The Visualisation of Area-based Spatial Data

3.1.2 Graphical effectiveness of tools

The second key area of functionality is the effectiveness of the graphical facilities in assisting and encouraging the exploration of the data and activities such as hypothesis formulation and testing. In order to develop a set of criteria for making this assessment we draw upon ideas from the literature on statistical data graphing and cartography.

Surprisingly little attention seems to have been paid to the assessment of the effectiveness of different graphical techniques used in modern visualization software. Cartographers, who have a long history of assessing the effectiveness of different designs for traditional printed maps, have only just begun to address this issue (Monmonier 1991, MacEachren and Kraak 1997) with the establishment of an ICA commission on visualization (ICA 1997). This means that we have had to define a set of guidelines ourselves, building on existing work on statistical graphing (Cleveland 1994), the design of graphical material in general (Tufte 1983, 1989) and the design of paper maps (Buttenfield and Mark 1994).

Cleveland (1994) provides a useful classification of the tasks required by an observer to interpret a statistical graph, which will be extended for the purpose of this case study to the interpretation of maps. According to Cleveland there are two main ways in which a graph displaying either quantitative or categorical data may be read:

  • Table Look Up - this is the process by which values for individual observations are read and normally proceeds in a sequential fashion i.e. one observation at a time. It requires the user to do one or more of the following :
    1. Scanning - identifying values from the axis/legend.
    2. Interpolating - e.g. between tick marks on an axis.
    3. Matching - finding symbol in the key.
  • Pattern perception - this is the detection of patterns and trends in data, and requires the simultaneous observation of the whole graph. It requires the user to do one or more of the following:
    1. Detection - of the meaning of the symbols used to code the values. On a graph this refers to the use of different point symbols for different categories.
    2. Assembly - visual grouping of similar symbols.
    3. Estimation - of relationship between the assembled groups. At the simplest level this means identifying that a and b are different, at the highest level it means being able to estimate the ratio between values for a and b.

The purpose of the classification is to provide a basis for evaluating how well any particular graph performs in portraying data. The six activities can also be related to many of the principles of good design which have been identified by Tufte (1983,1990) for graphics in general and Dent (1985) and Cuff and Mattson (1982) for maps. If there are differences between pattern perception on graphs and on maps they may lie with respect to the types of pattern properties that are looked for on maps and the extent to which the individual (areal) units differ in size and hence contribution to detecting overall pattern.

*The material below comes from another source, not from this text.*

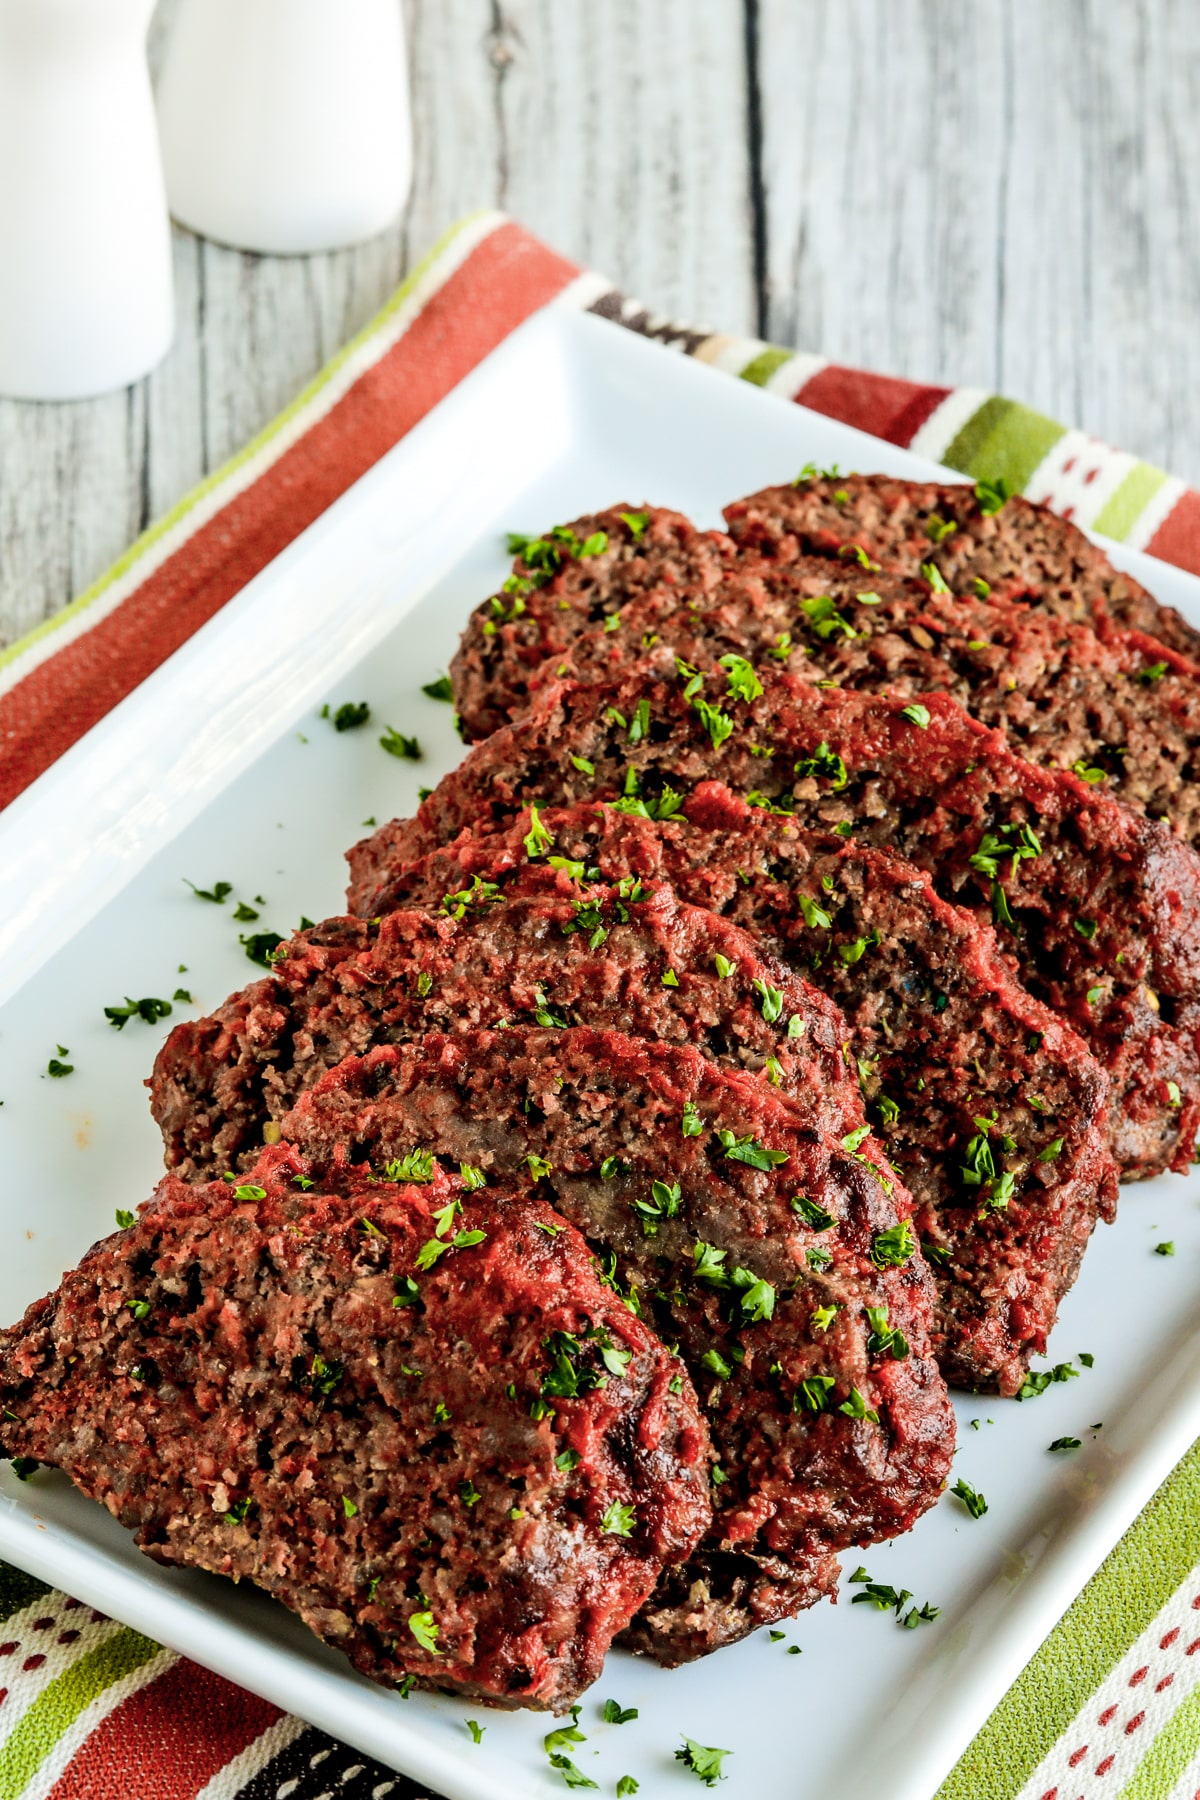 Beef and Sausage Italian Meatloaf shown on serving plate, sprinkled with parsley.

In a series of influential books, Tufte (1983, 1990) has developed a series of principles which should guide the development of good graphics. The key one, underlying all the others, is that a good design should show the maximum amount of data using the least amount of ink in the smallest space. An effective graph or map should focus the viewer's attention on the data being displayed, and not on the attractiveness or otherwise of the design itself. By aiming for a compact presentation, it is possible to put more data on a single page, or the same amount of information in a smaller space, both of which facilitate comparison between data values. Essentially the points Tufte makes about good design all serve to assist the reader in undertaking the six tasks defined by Cleveland (1994) - graphs should have clear annotation, with consistent and logical symbolism enabling the reader to make unambiguous interpretations of the values and patterns in the data.

Similar comments may be made about many of the general rules of map design. These are covered at length in standard texts such as Dent (1985) and Cuff and Mattson (1992) but Buttenfield and Mark (1994) provide a very useful summary. They define the main stages of map production, and the rules governing each as follows.

Generalisation - this includes the selection of an appropriate amount of material to display so that the final map is not visually cluttered. With maps, it is also generally accepted that some distortion of reality is often needed - for example roads are often simplified, and buildings moved from their true geographical location so that they lie alongside the simplified road course. It is therefore common in maps to `lie a little to tell a better truth' (Monmonier 1991) something which appears to be less common in drawing statistical graphs but occurs for example when "jittering" a graph to reveal overlapping cases. Brassel and Weibel (1987) also identify statistical generalisation - the simplification of data to portray trends rather than details - as part of this process.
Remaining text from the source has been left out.